Exercise description ▸ The output should hold exactly, and only, the lines from the line bearing "Global Led Power Kft." through the last line of the listing below, and no pictures.

Data section ▸
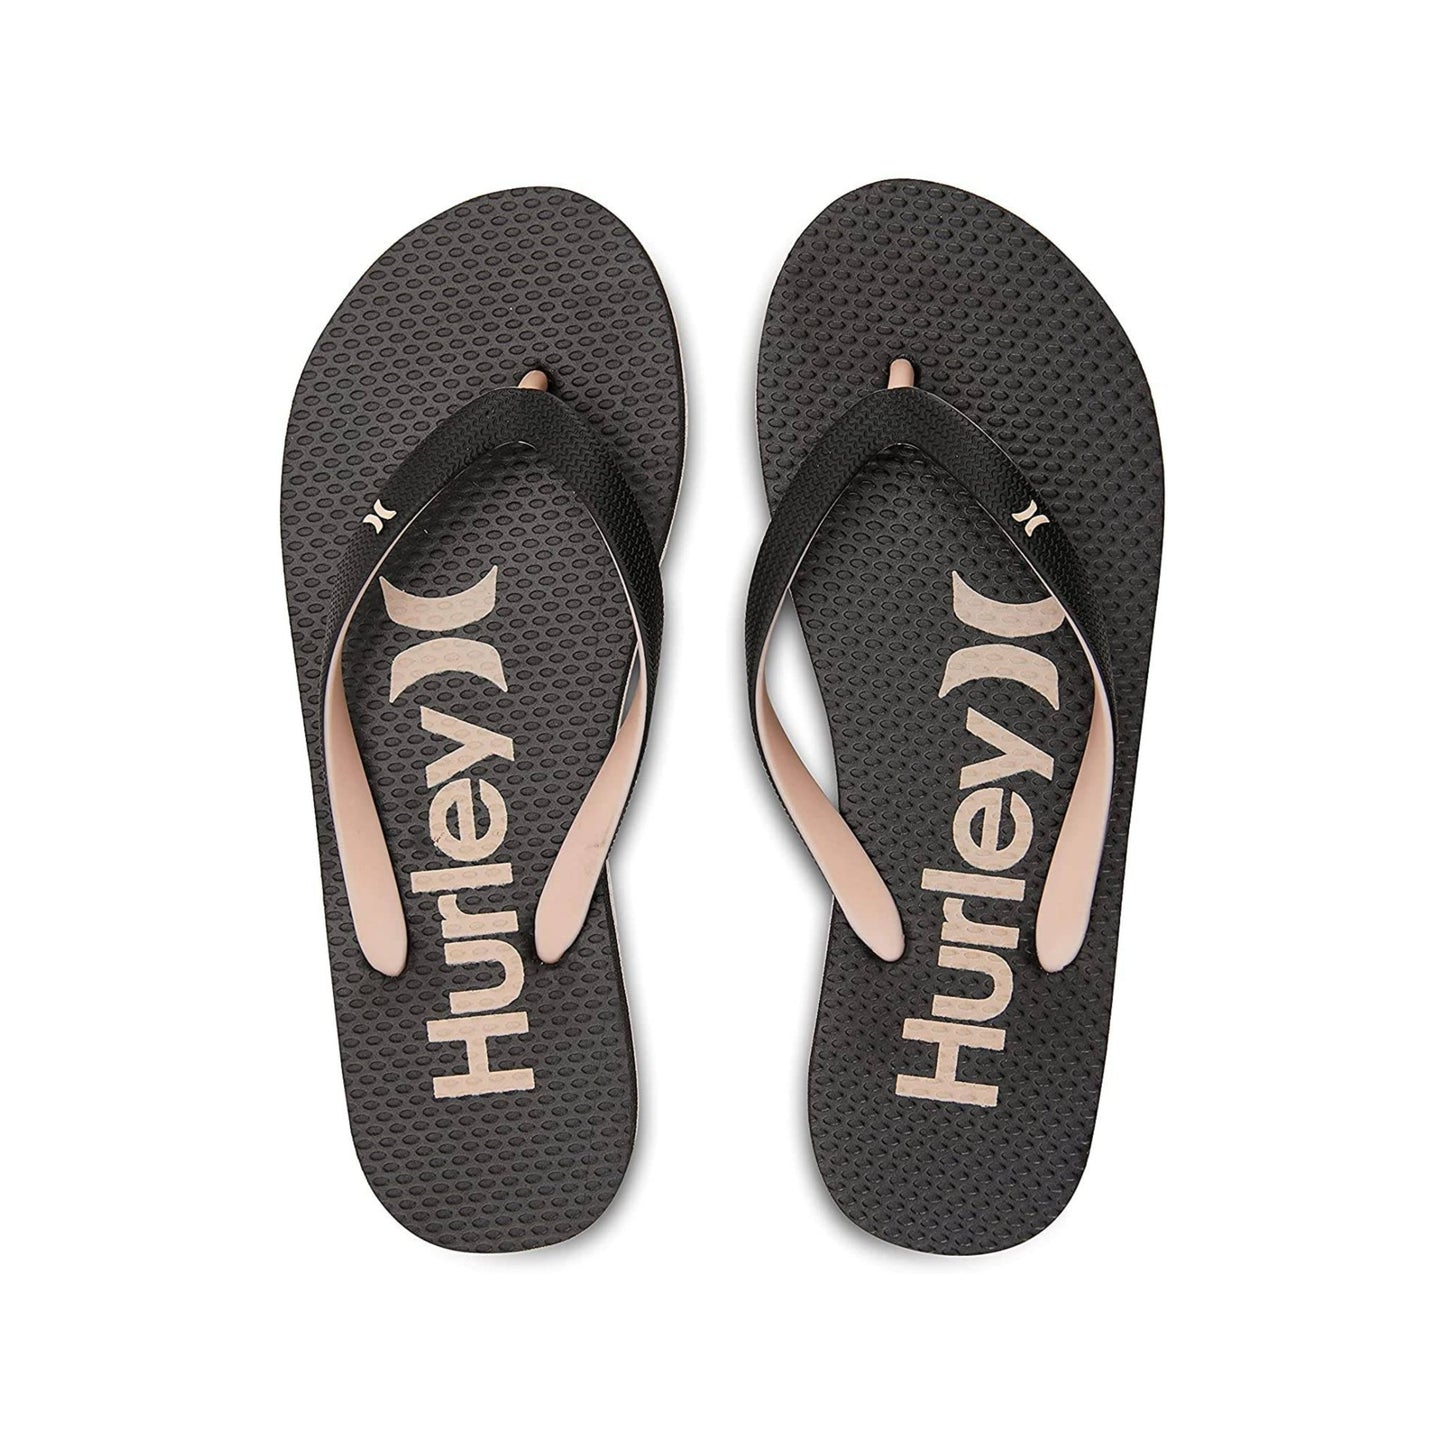 Hurley Women's Flip Flops Cute Casual Summer Thongs Comfort Slip-On Sandal Beach Wear, Black/Shimmer, 7
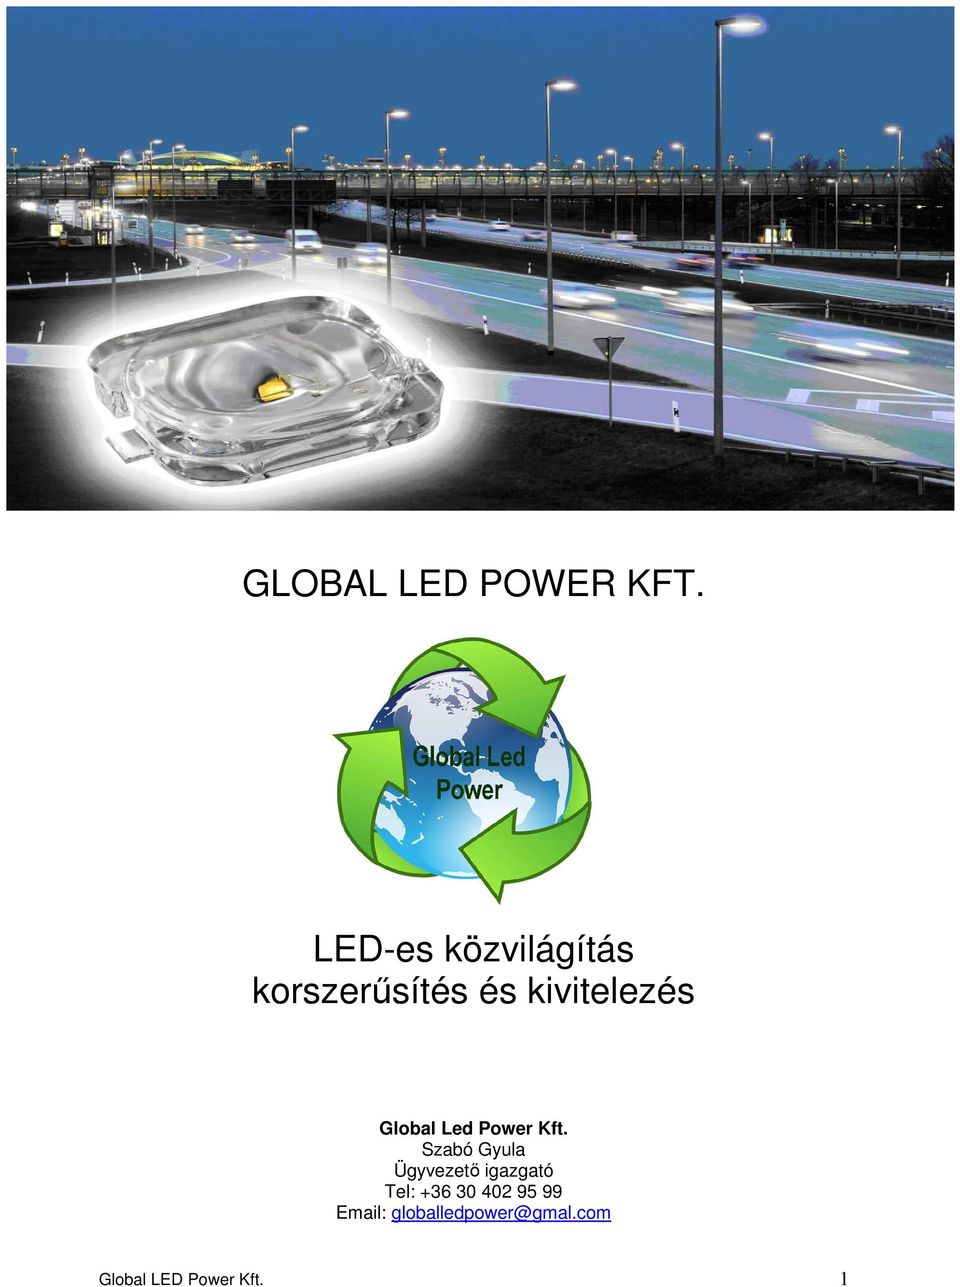 Global Led Power Kft.
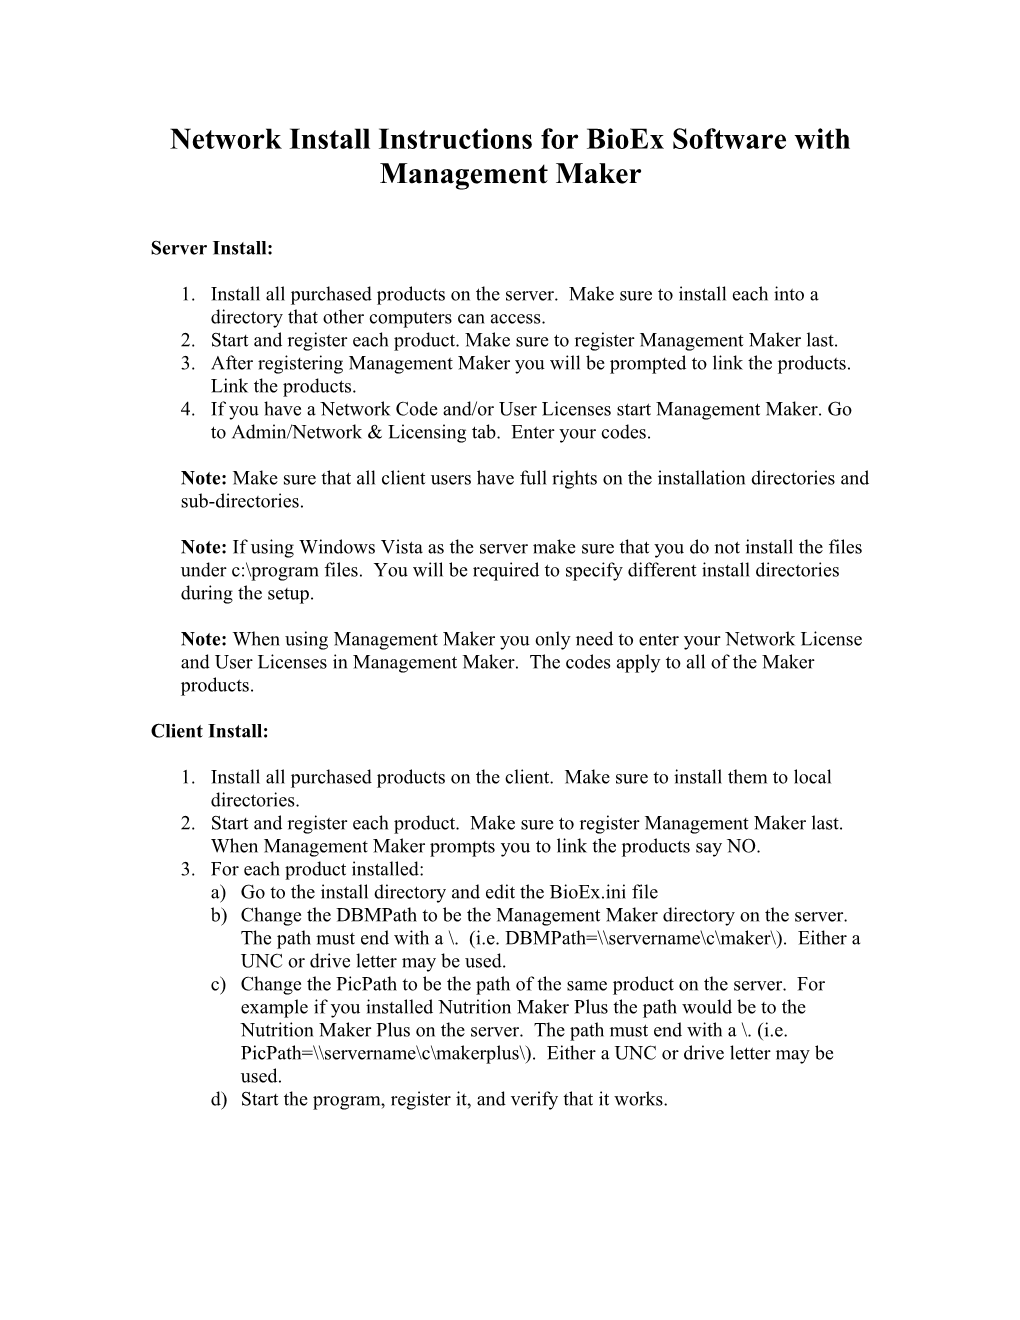 Management Maker Network Install Instructions
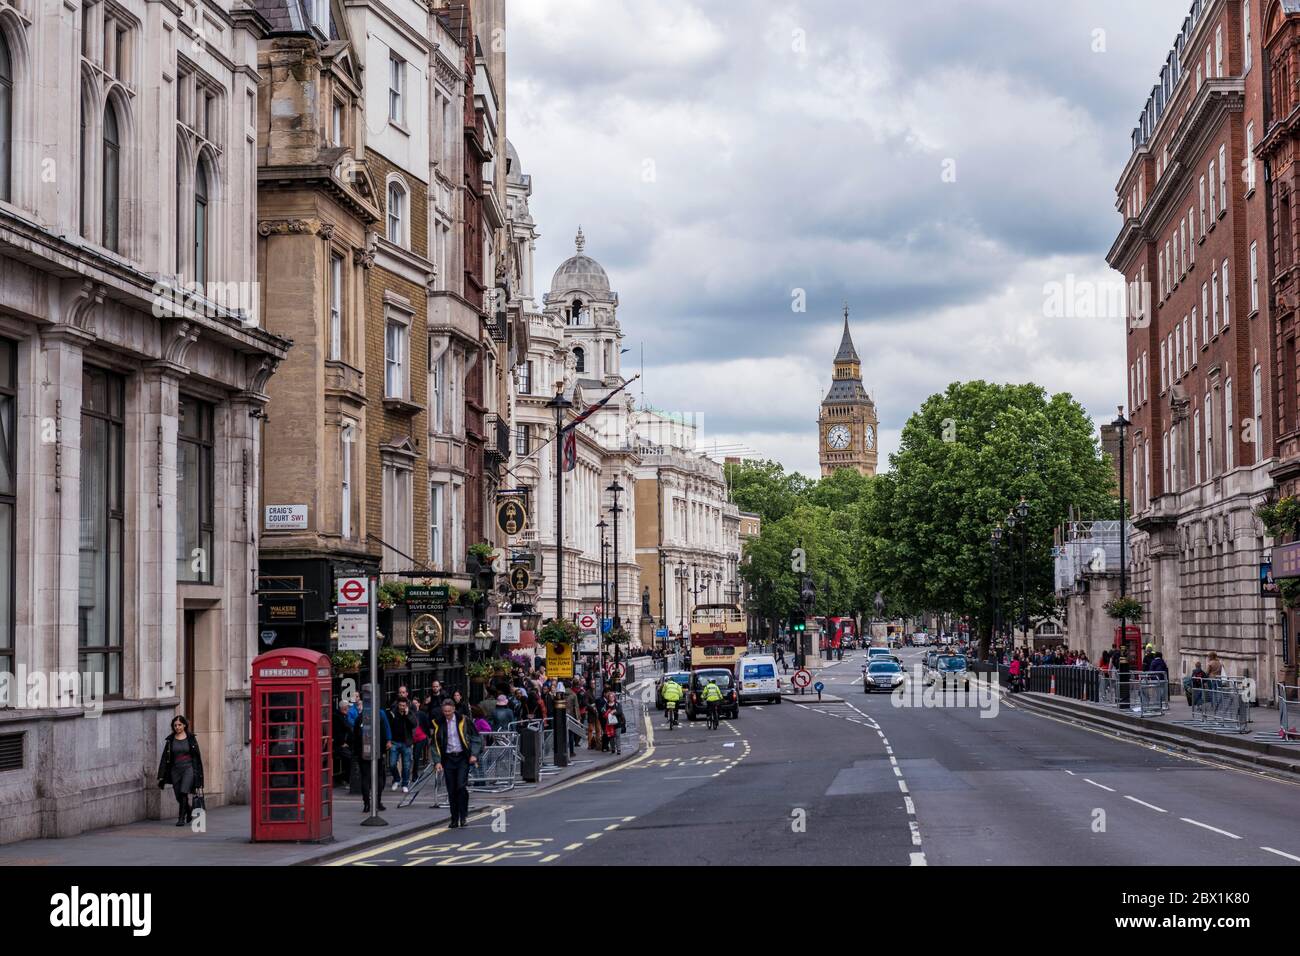 Street scene with Big Ben, London, England, Great Britain Stock Photo

Result of this task ▸
 Global Led Power Kft.
 Management Maker Network Install Instructions
 Street scene with Big Ben, London, England, Great Britain Stock Photo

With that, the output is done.